What you need to do ▸ Transcribe the listing below exactly, without pictures.

Exercise data ▸
=== Section Start ===

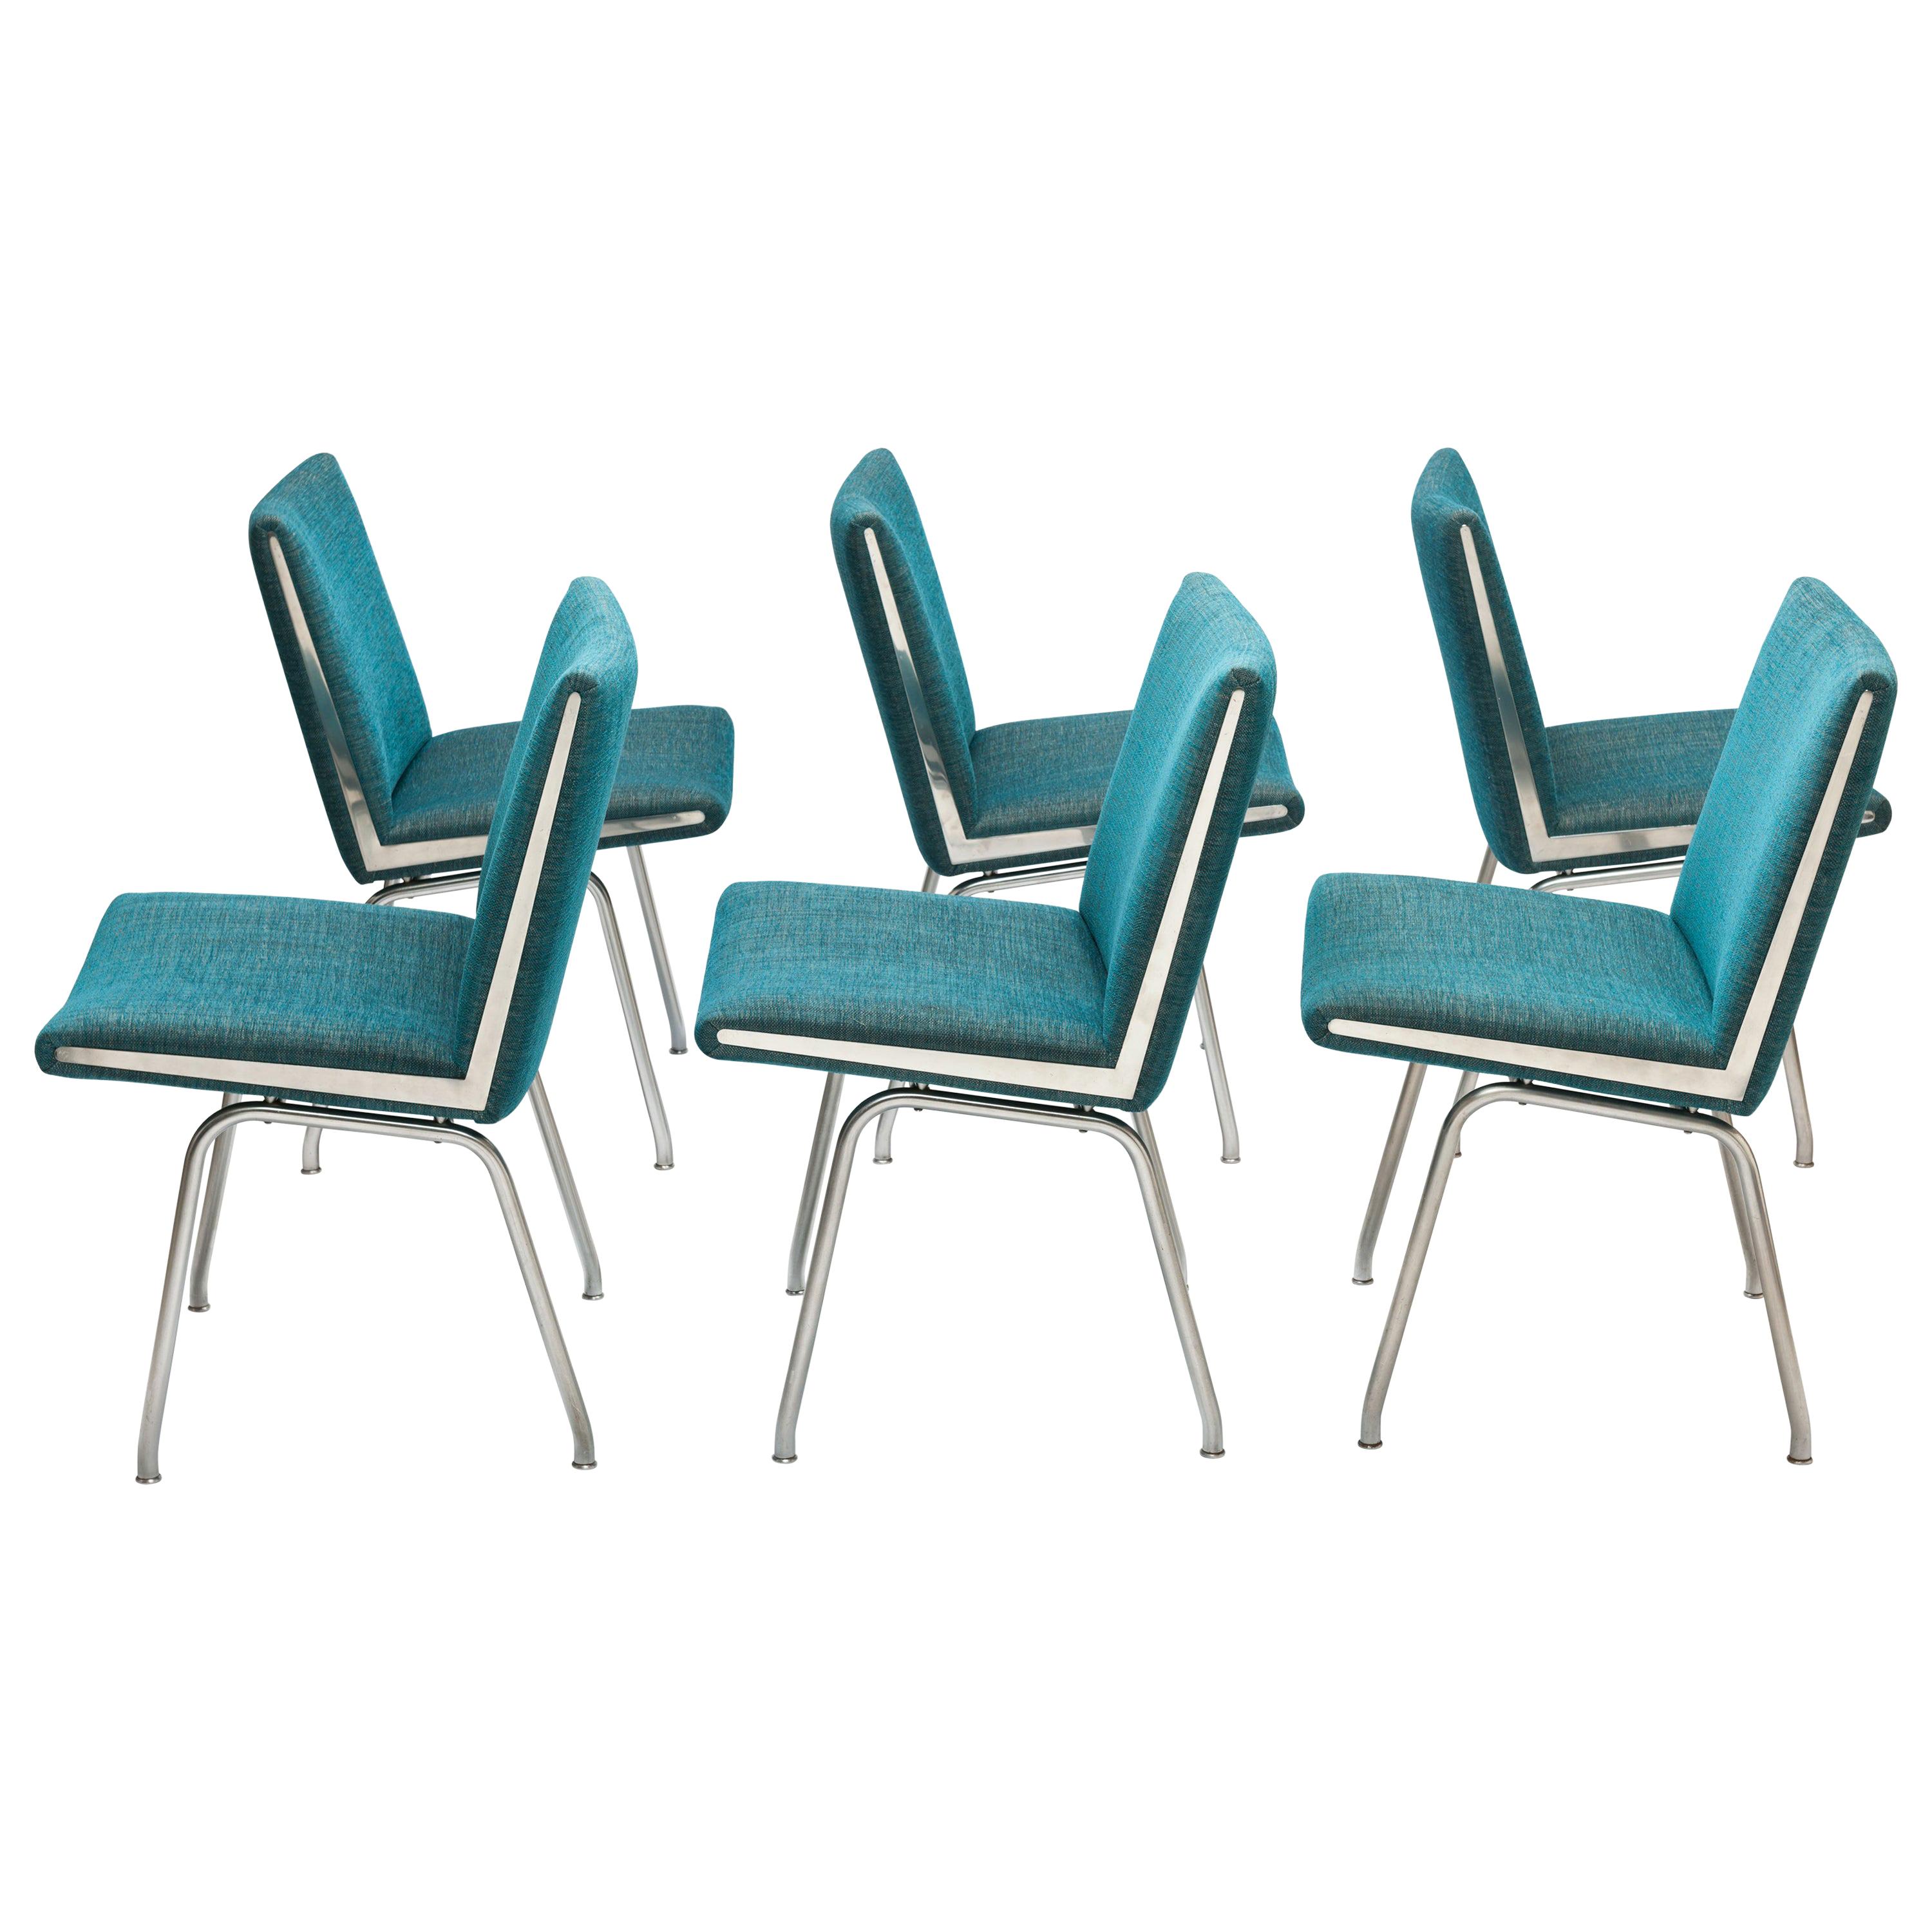 6 Hans J. Wegner Dining Chairs by A.P. Stolen, New Upholstery's
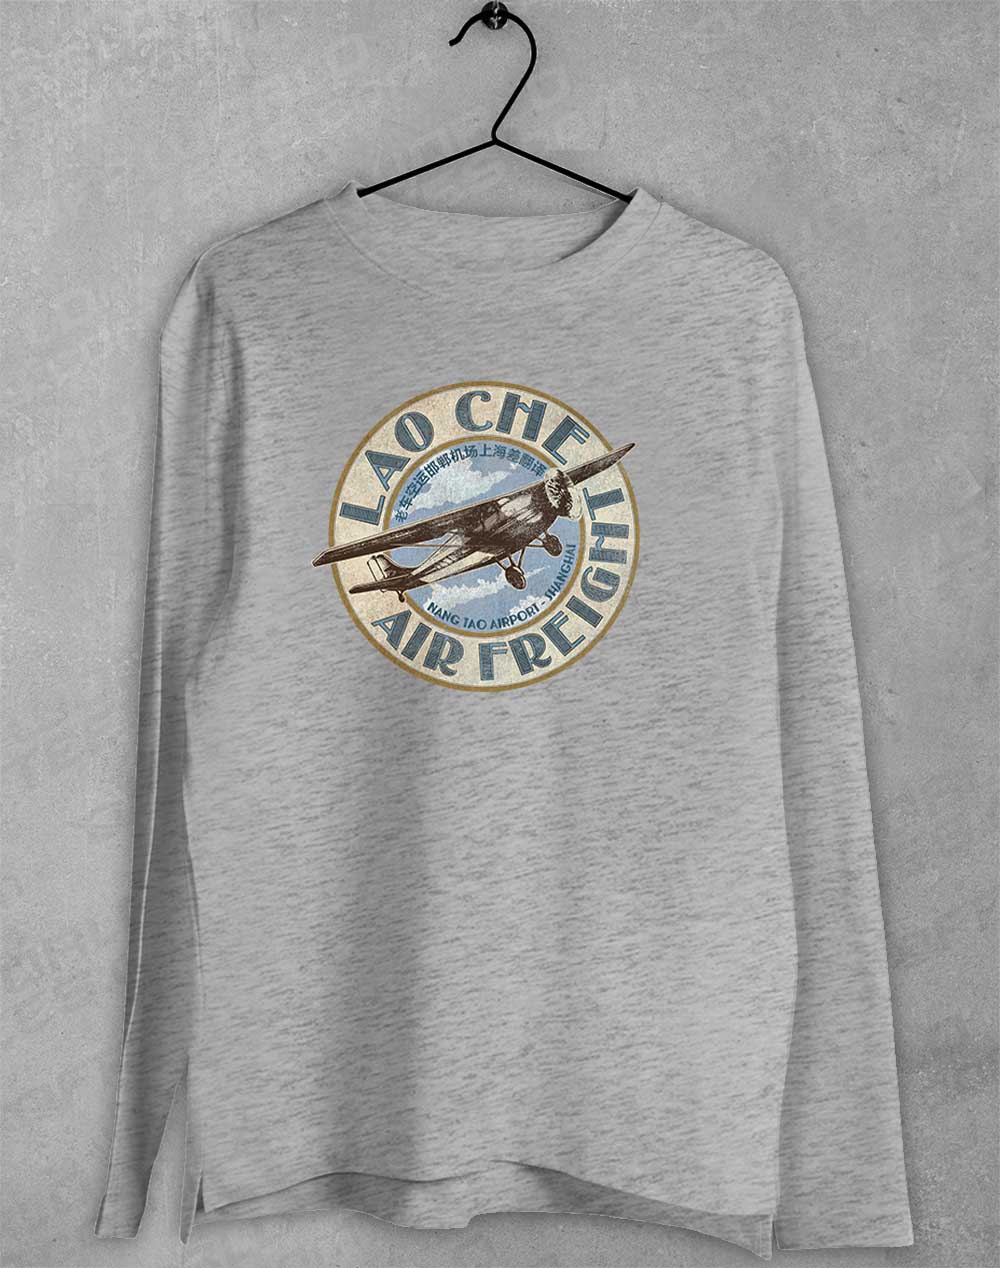 Sport Grey - Lao Che Air Freight Long Sleeve T-Shirt
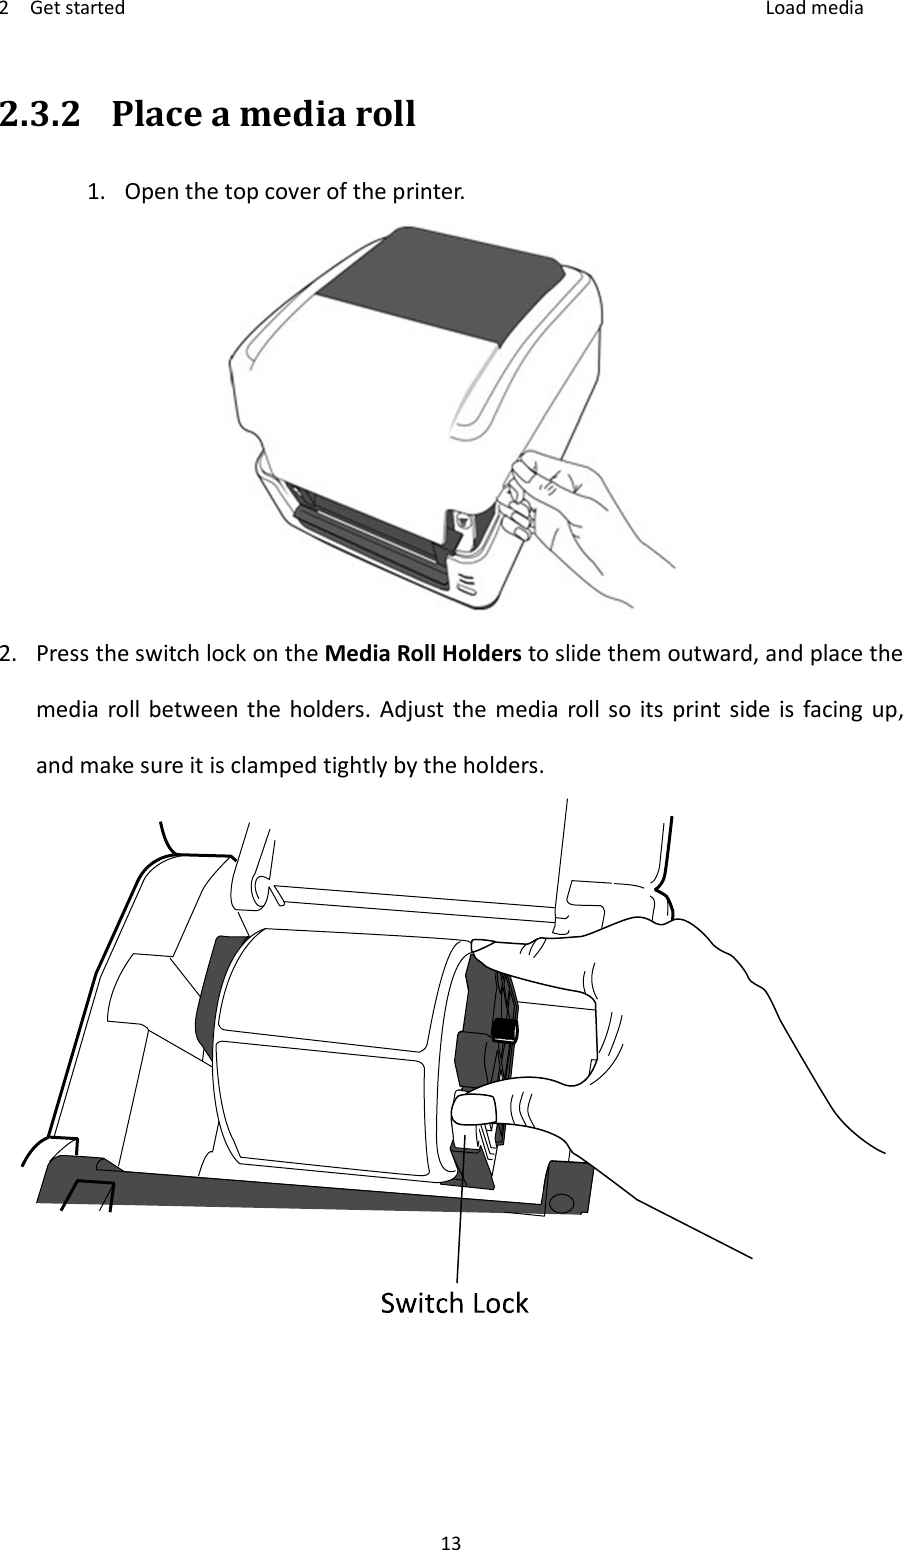 2    Get started    Load media 13 2.3.2 Place a media roll   1. Open the top cover of the printer.  2. Press the switch lock on the Media Roll Holders to slide them outward, and place the media roll between  the  holders.  Adjust the  media  roll so  its  print  side  is  facing  up, and make sure it is clamped tightly by the holders.     
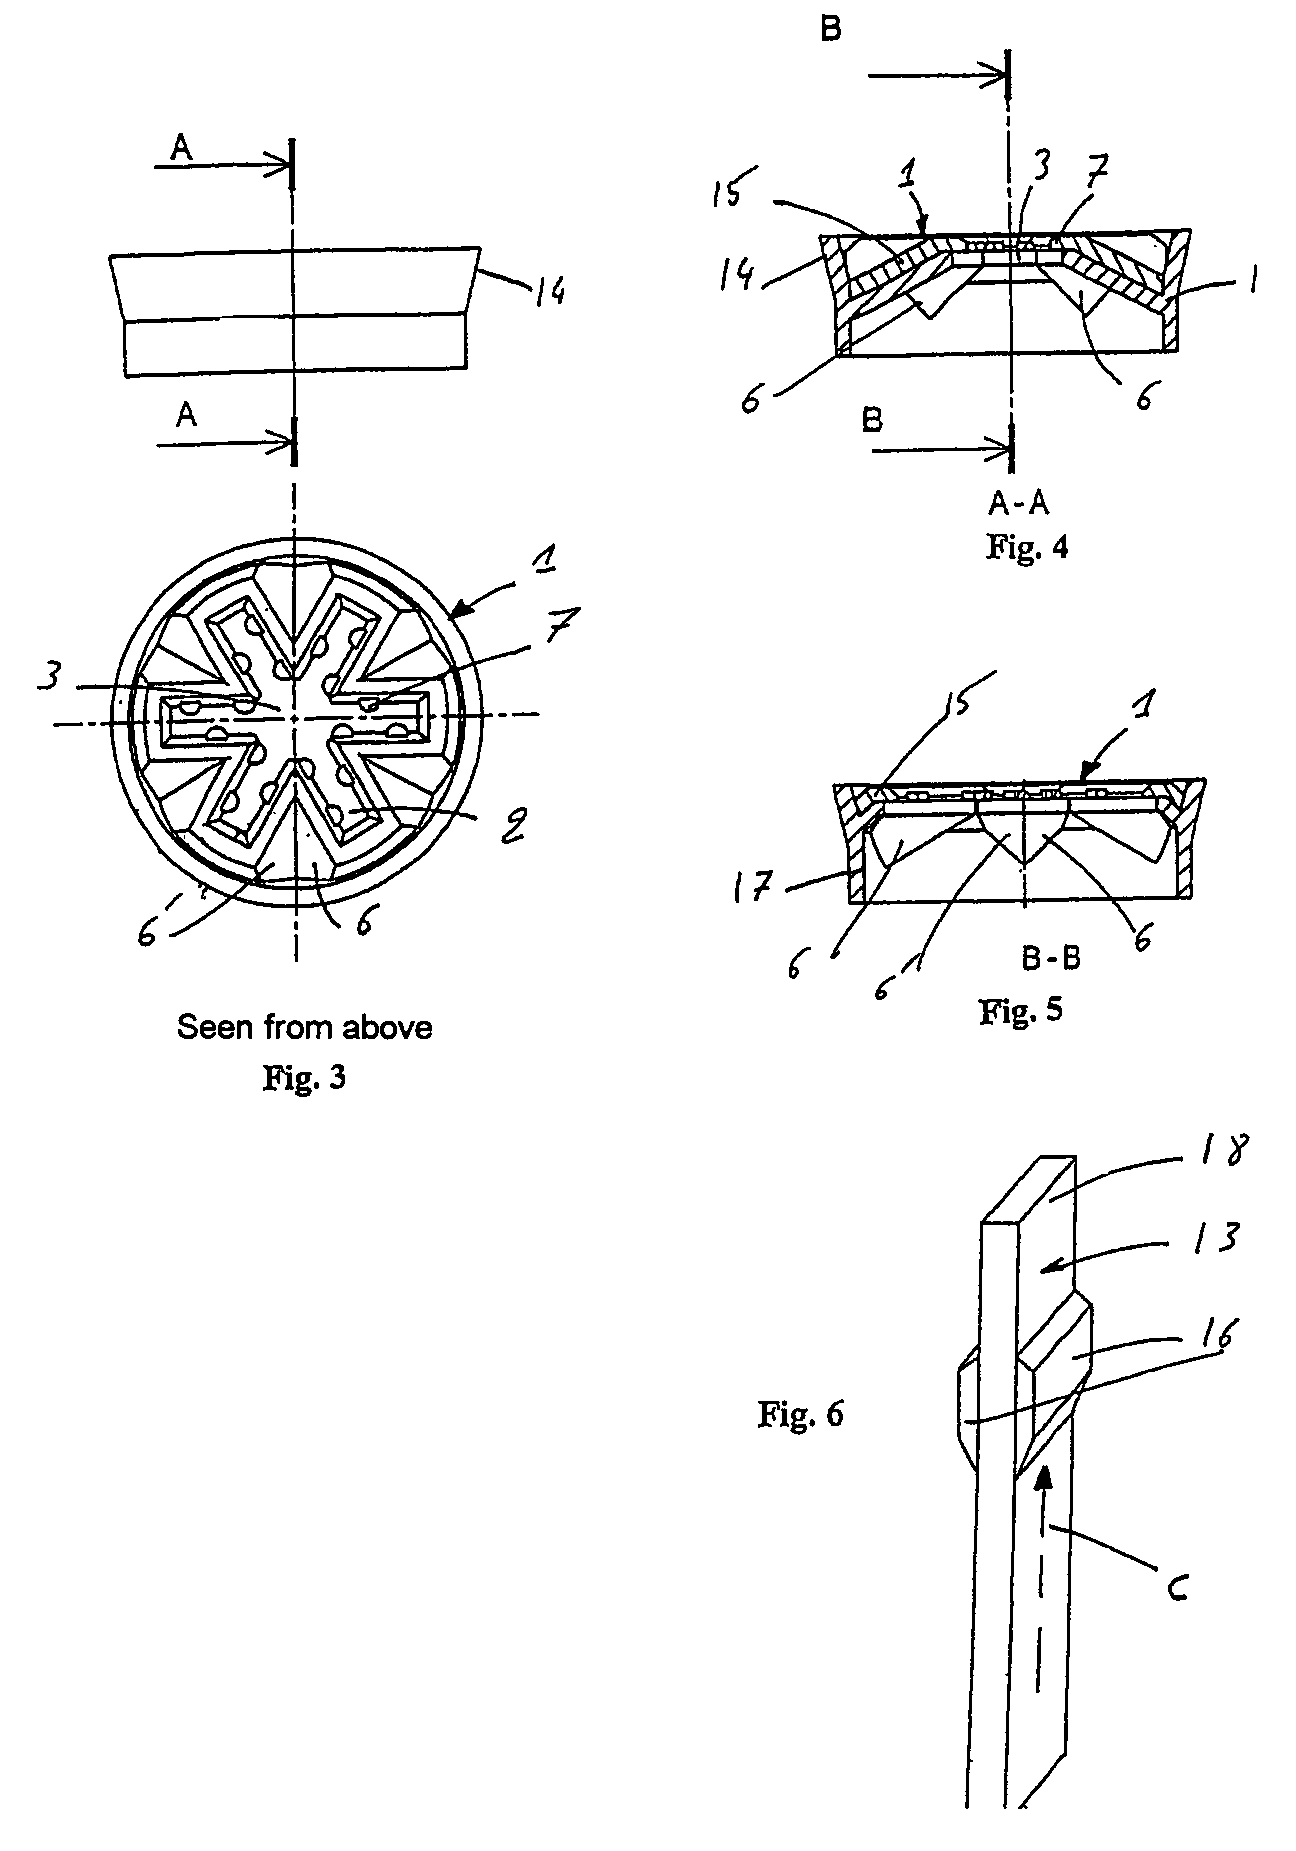 Device for dispensing oblong objects, comprising one main opening and at least one other elongated opening

=== Section End ===

Written response ▸
 6 Hans J. Wegner Dining Chairs by A.P. Stolen, New Upholstery's
 Sport Grey - Lao Che Air Freight Long Sleeve T-Shirt
 2    Get started    Load media 13 2.3.2 Place a media roll   1. Open the top cover of the printer.  2. Press the switch lock on the Media Roll Holders to slide them outward, and place the media roll between  the  holders.  Adjust the  media  roll so  its  print  side  is  facing  up, and make sure it is clamped tightly by the holders.     
 Device for dispensing oblong objects, comprising one main opening and at least one other elongated opening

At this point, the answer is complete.